Closed wuyuanmm closed 2 years ago

wuyuanmm commented 2 years ago

Thank you so much for releasing this awesome project.

I have done the training of the determined trajectories using the modified script. 200 epochs, MSE_05: 85.124462; MSE_10: 333.395368; MSE_15: 1057.618436. Then I implemented the visualization.

  1. red is observed traj(center of bbox)
  2. green is target traj(center of bbox)
  3. blue is predict traj(center of bbox)

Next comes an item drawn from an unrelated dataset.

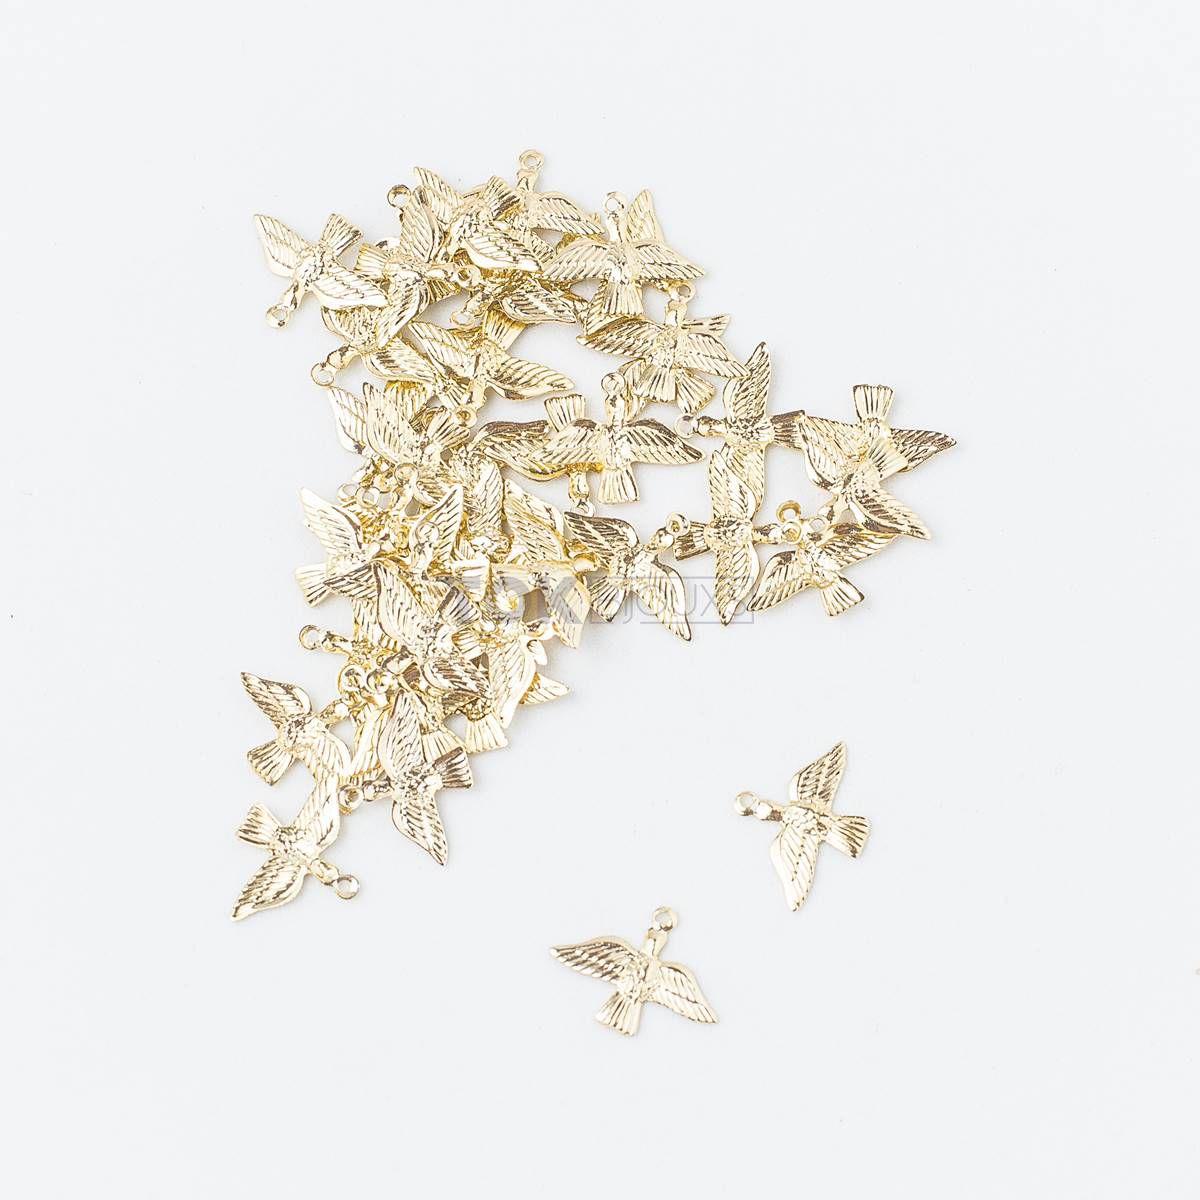 Pingente - Divino Espirito Santo - Dourado - 50 unid

I found that the predicted results seem to have a large error, and I want to know if I am wrong somewhere. Thanks! image

image

image

image code is here test_vis.zip

ChuhuaW commented 2 years ago

Hi @wuyuanmm,

Thank you for your interest in our paper and for sharing your results with us. Note our model is a pure temporal model, and we do not use any image or ego-motion features for JAAD. In this particular example, although the ego-vehicle remains still in the present frame, it will move forward in the next few frames (As a result, the target future trajectory is shorter or in the opposite direction of the person's movement.). As we mentioned in our paper, It is difficult to predict the correct trajectory. However, if no ego-motion is involved, our model generate a better result (see image). download

wuyuanmm commented 2 years ago

Thank you very much for your reply! but I also want to know if SGnet can be trained with the information of ego-motion.If so, what should I do. Thanks, I am looking forward to your reply.

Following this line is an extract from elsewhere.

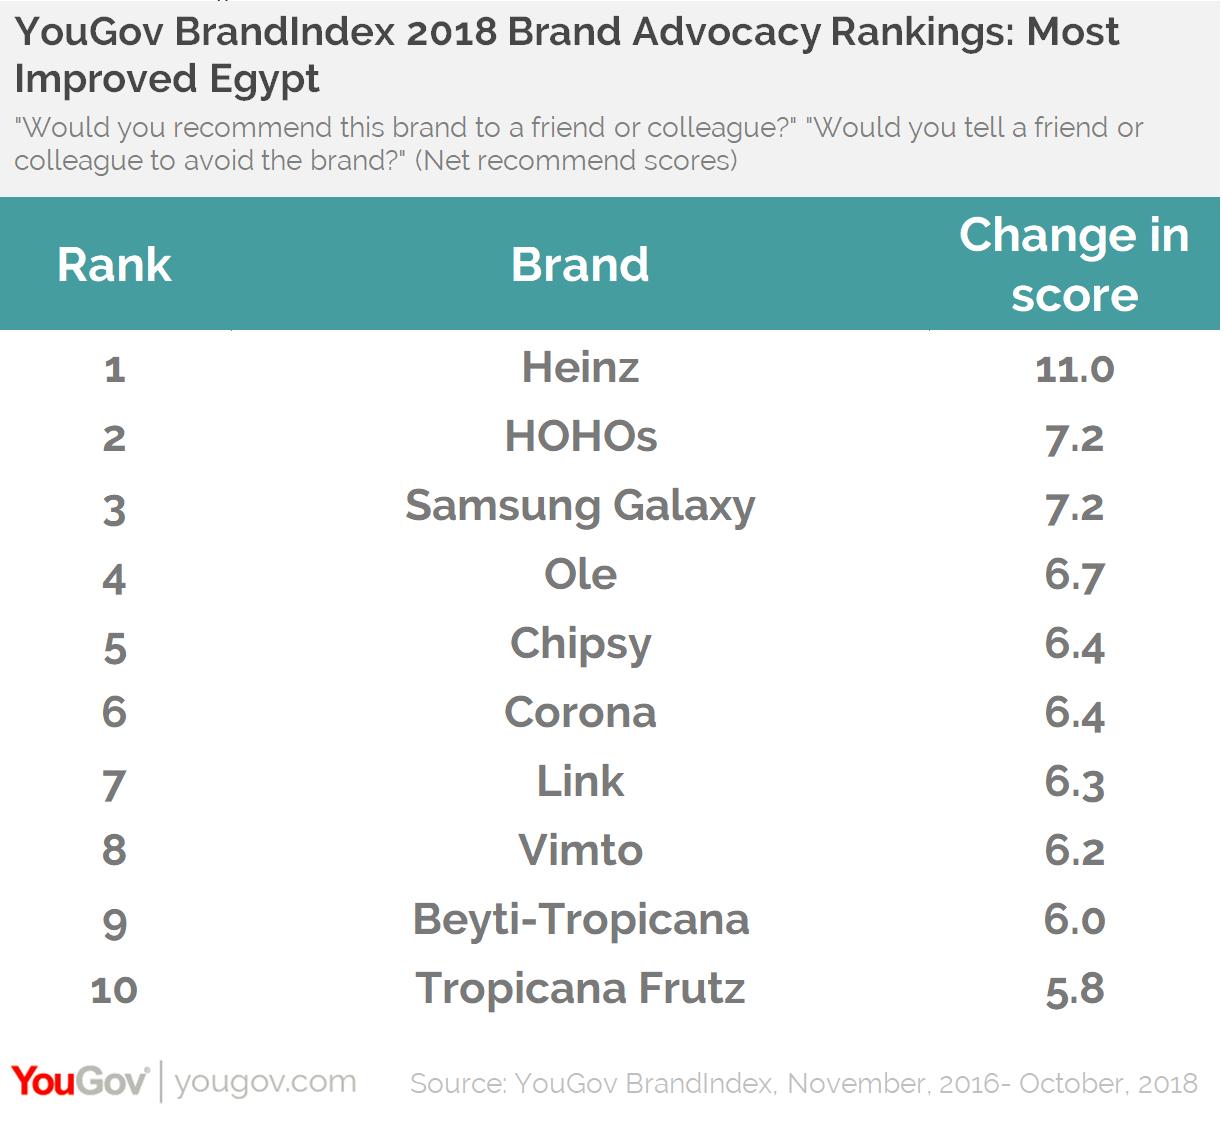 YouGov BrandIndex 2018 Brand Advocacy Rankings:Most improved Egypt

ChuhuaW commented 2 years ago

We haven't tried it on JAAD yet, but we believe it can. You can check out this paper: Unsupervised Traffic Accident Detection in First-Person Videos (github: https://github.com/MoonBlvd/tad-IROS2019). They generated the ego-motion with ORBSLAM2, and used that as additional input to the decoder. In fact, we trained SGNet on HEVI with ego-motion.

wuyuanmm commented 2 years ago

Thank you very much. I get it. I will try.